Screenshot of the Amazon Athena web console highlighting the Workgroups page—“Create workgroup” button framed in orange and two groups listed beneath.
Athena Workgroups console: split your ‘read’ and ‘write’ workgroups here.

Alternative – 

For an even stronger isolation, some organizations create a dedicated AWS account for analysts and a different account for data engineering jobs. Athena’s cost is then isolated by account. Cross-account S3 access can let the analysts query the data without being impacted by the ETL account’s Athena usage at all. This is a heavier setup (requires managing two accounts and permissions), so using two workgroups is the simpler first step.

Takeaway – No more BI users queued behind nightly batch loads. Isolating workloads ensures a rogue ETL job can’t throttle your interactive queries (and vice-versa).

5. Auto-delete (or archive) old result sets

This might sound familiar from the BI section: ad-hoc queries also produce result files, and often even more chaotically. An analyst might run hundreds of throwaway queries in a day, generating hundreds of small S3 files. Over time, without cleanup, you accumulate potentially millions of objects consuming space and incurring request costs. 

How to implement – 

  • The solution is the same S3 lifecycle approach: apply a rule on the bucket/prefix used for Athena results to delete objects after, say, 3 days. If you have a dedicated results bucket, you can apply a bucket-wide rule. If not, you can target the specific prefix (e.g., athena-results/analysts/).
  • If outright deletion is too aggressive for your needs, you could instead transition older results to a cheaper storage class like Glacier Instant Retrieval after 30 days, so they cost almost nothing unless retrieved (and if you do need an old result, Athena can still query Glacier IR objects directly with a slightly higher cost).

Alternative – 

Instead of relying on S3 lifecycle alone, you could incorporate a cleanup step in your workflow. For instance, run a daily AWS Lambda that finds and deletes Athena result objects older than X days, or have users run queries in a scratch workgroup whose results bucket is periodically purged. This offers more control (you might skip deleting certain important query outputs), but it’s more work to maintain. 

Takeaway – Treat Athena result sets as temporary scratch data – they shouldn’t outlive their usefulness. 

6. Replace SELECT * with pruned, safe views

SELECT * in Athena means scan every column of every row – you’ll pay to read all the data, even the columns you don’t actually use. An analyst might do SELECT * FROM large_table LIMIT 100 just to see the schema or a sample, but Athena will still scan potentially gigabytes or more, only to return 100 rows. 

How to implement – 

Encourage a culture (and provide tools) to select only needed columns. A practical way is to create safe, column-pruned views for commonly accessed tables. For example, if analysts only need a subset of columns from a raw events table, create a view that exposes just those:

CREATE VIEW safe_events AS
SELECT id, event_ts, country, device, ...  -- (list only useful columns)
FROM raw_events;

Alternative – 

Some teams leverage third-party tools or even custom Athena UDFs as a linter. Another approach is using Athena query federation to a proxy that can block certain patterns. These are complex solutions; a well-placed convention and view are usually sufficient.

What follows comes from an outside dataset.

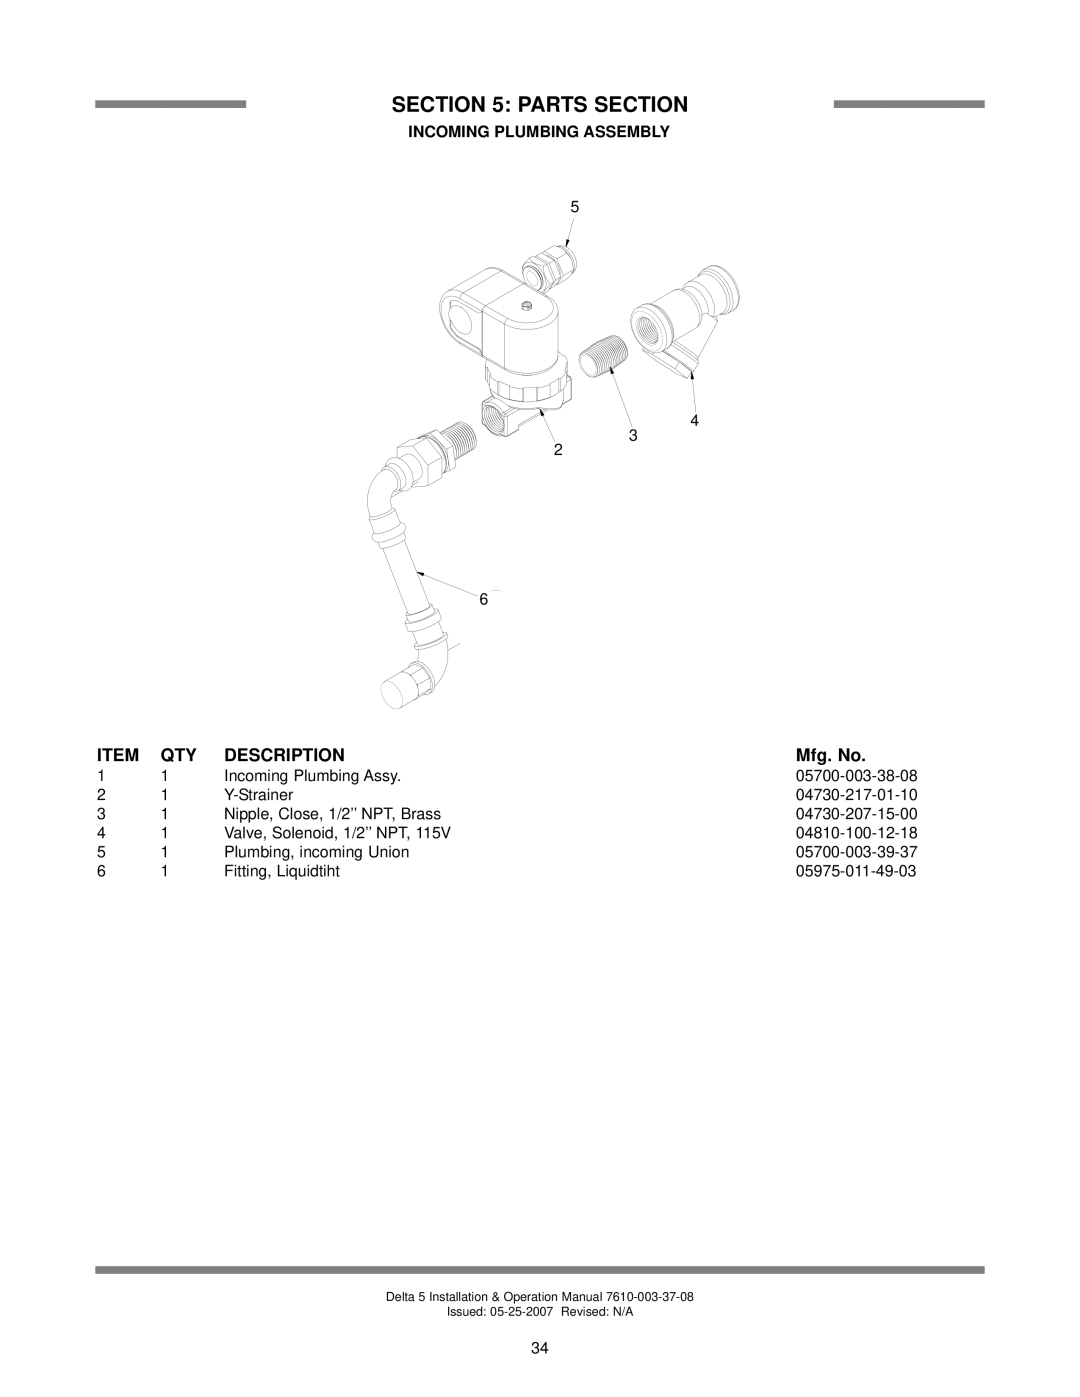 Jackson Delta 5, DELTA 5 D technical manual Incoming Plumbing Assembly, Parts Section, Description, Mfg. No

Takeaway – By providing pre-defined, narrower views or simply instilling the habit of specifying columns, you can dramatically cut down scanned data (and costs).

ETL / Data Pipelines

Pipeline workloads can become one of the biggest cost drivers if not optimized: they might run on large raw datasets, produce multiple outputs, or use provisioned capacity for throughput. 

1. Write Snappy-compressed Parquet, not raw CSV

The format you store your data in has an enormous impact on Athena costs. Text formats like CSV or JSON are bulky; Athena has to scan every byte of them. Columnar formats like Parquet or ORC, especially with compression, shrink the data to be scanned and allow Athena to skip irrelevant columns.

For ETL jobs that produce new tables, choosing Parquet+compression will make all downstream queries dramatically cheaper (and faster).

Screenshot of a Reddit comment recommending Parquet or ORC formats and S3 lifecycle policies to slash Athena result-file storage costs.
Reddit tip of the day: compress your results and let S3 lifecycle do the cleanup.

How to implement – 

Whenever you have an Athena CTAS (Create Table As) or INSERT INTO that materializes data, specify a columnar format and compression. For example, in Athena SQL:

CREATE TABLE cleaned_data
WITH (format='PARQUET', compression='SNAPPY') AS
SELECT *
FROM staging_raw_data;

This reads staging_raw_data (perhaps in CSV or raw form) and writes it out as a new table cleaned_data, in Parquet format compressed with Snappy. Snappy is a good default compression for Parquet in Athena – it’s fast and gives decent compression. You could also use GZIP for higher compression at the cost of slower performance. 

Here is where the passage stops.